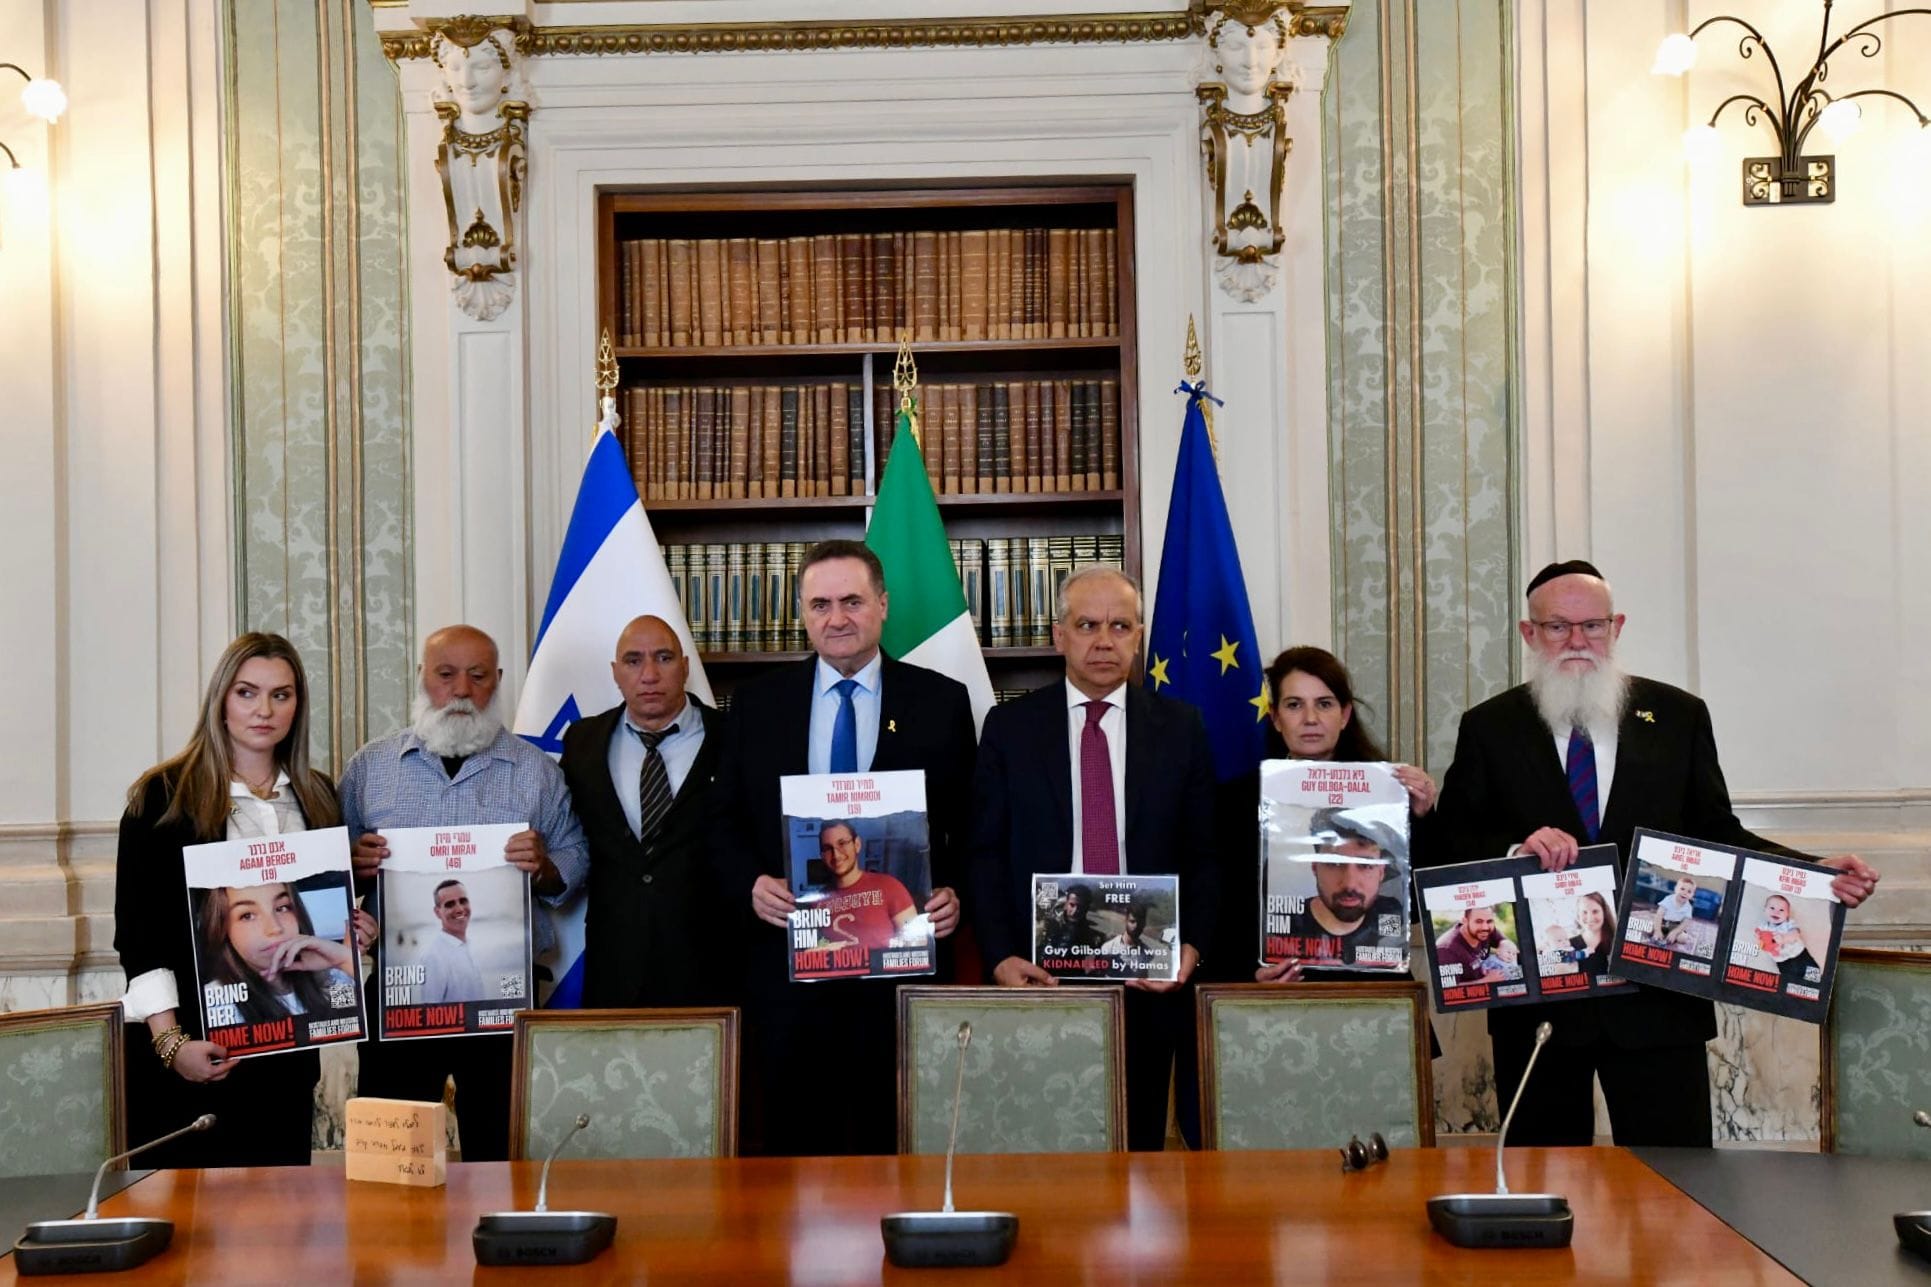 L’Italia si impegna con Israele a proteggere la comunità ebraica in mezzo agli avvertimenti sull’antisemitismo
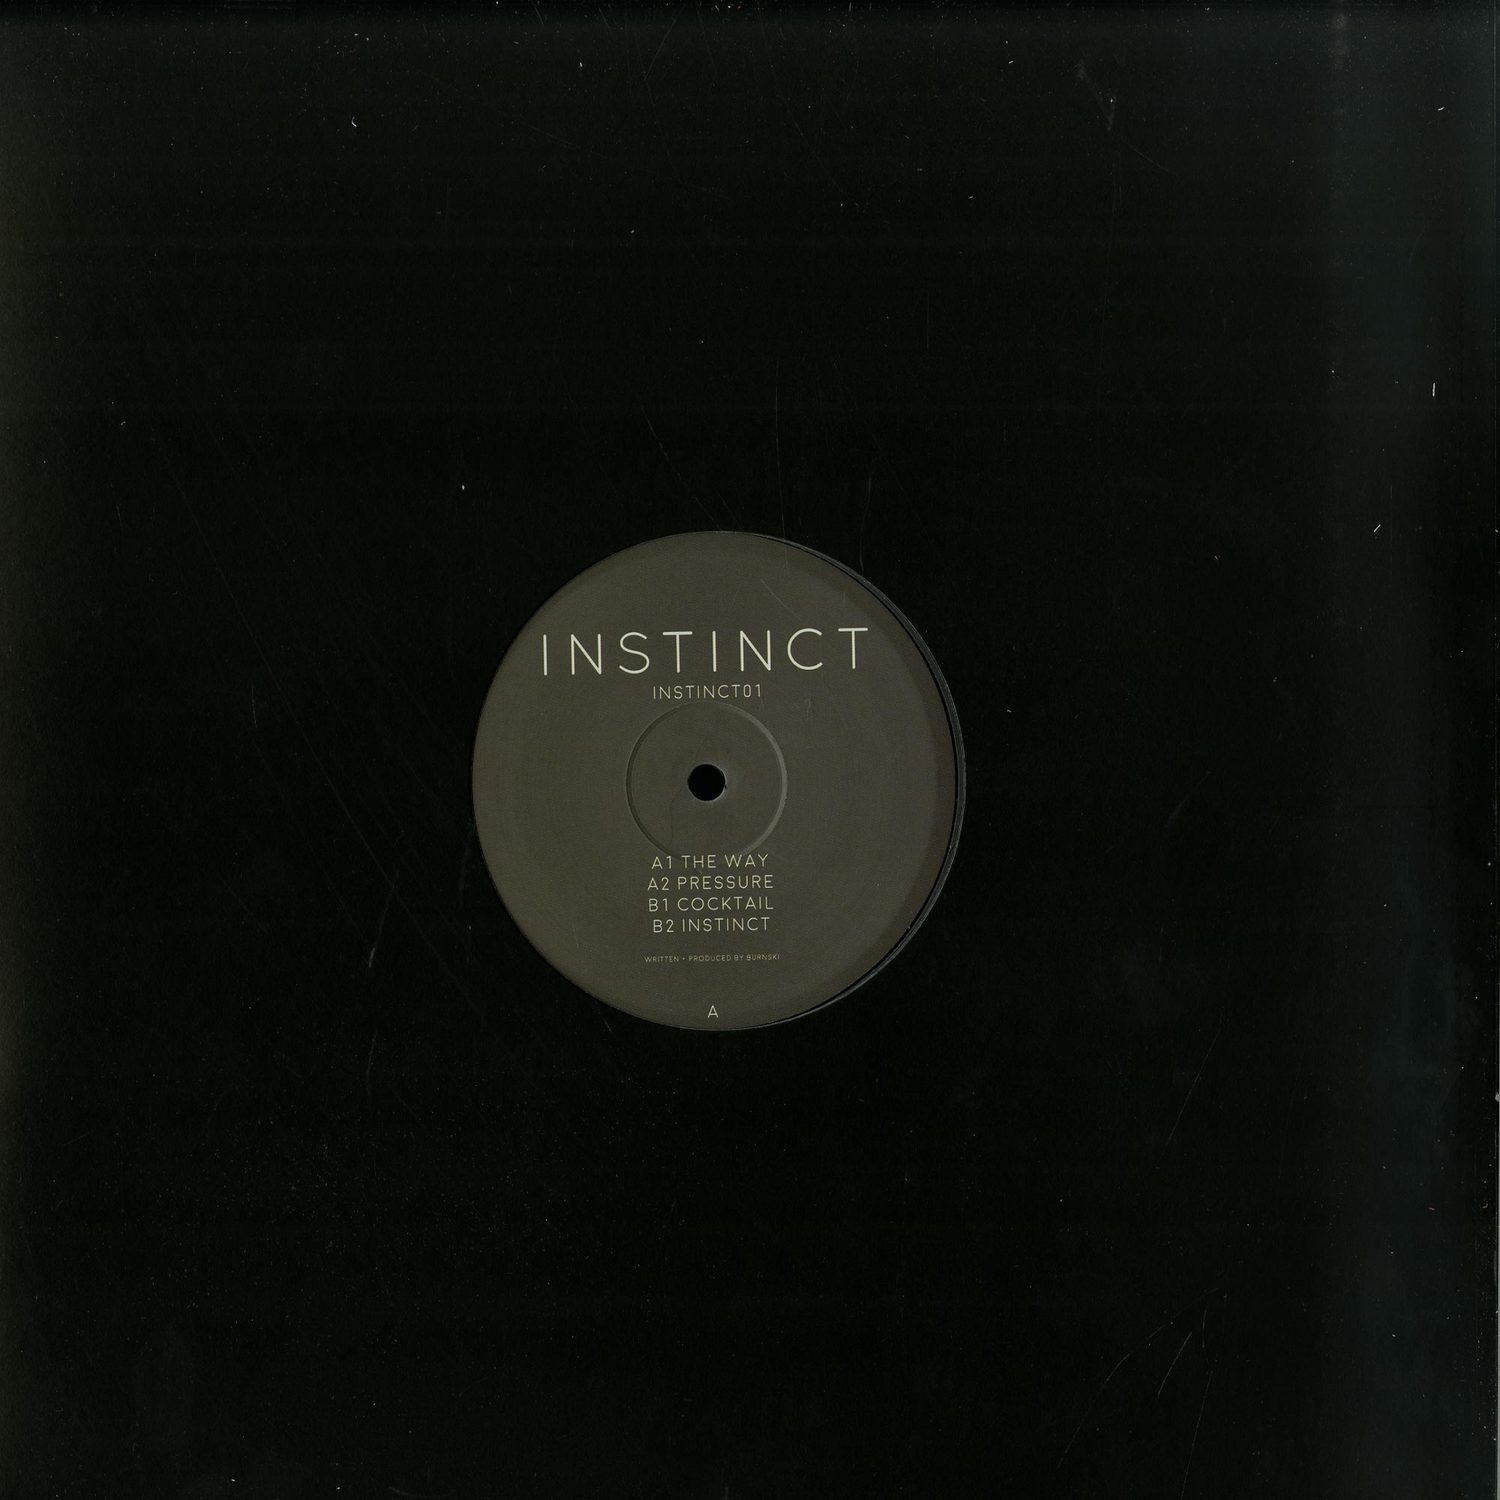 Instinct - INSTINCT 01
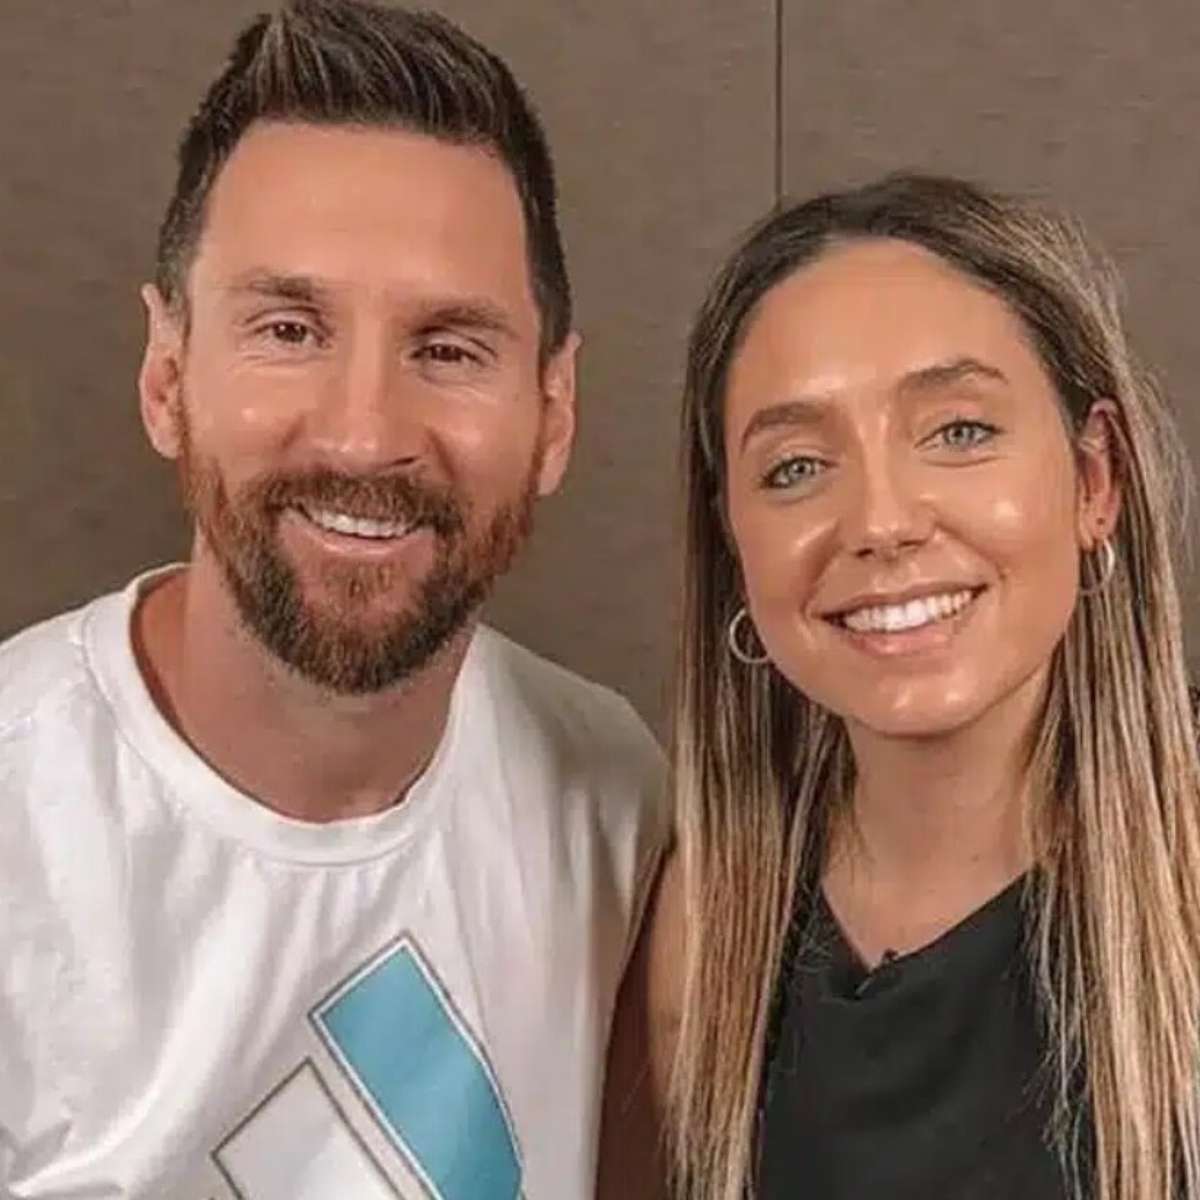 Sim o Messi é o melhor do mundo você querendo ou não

### WHAT IS EXPECTED
Copy all of the data above exactly. Leave out every picture.

### WRITTEN SOLUTION
 L’Italia si impegna con Israele a proteggere la comunità ebraica in mezzo agli avvertimenti sull’antisemitismo
 Instinct - INSTINCT 01
 Sim o Messi é o melhor do mundo você querendo ou não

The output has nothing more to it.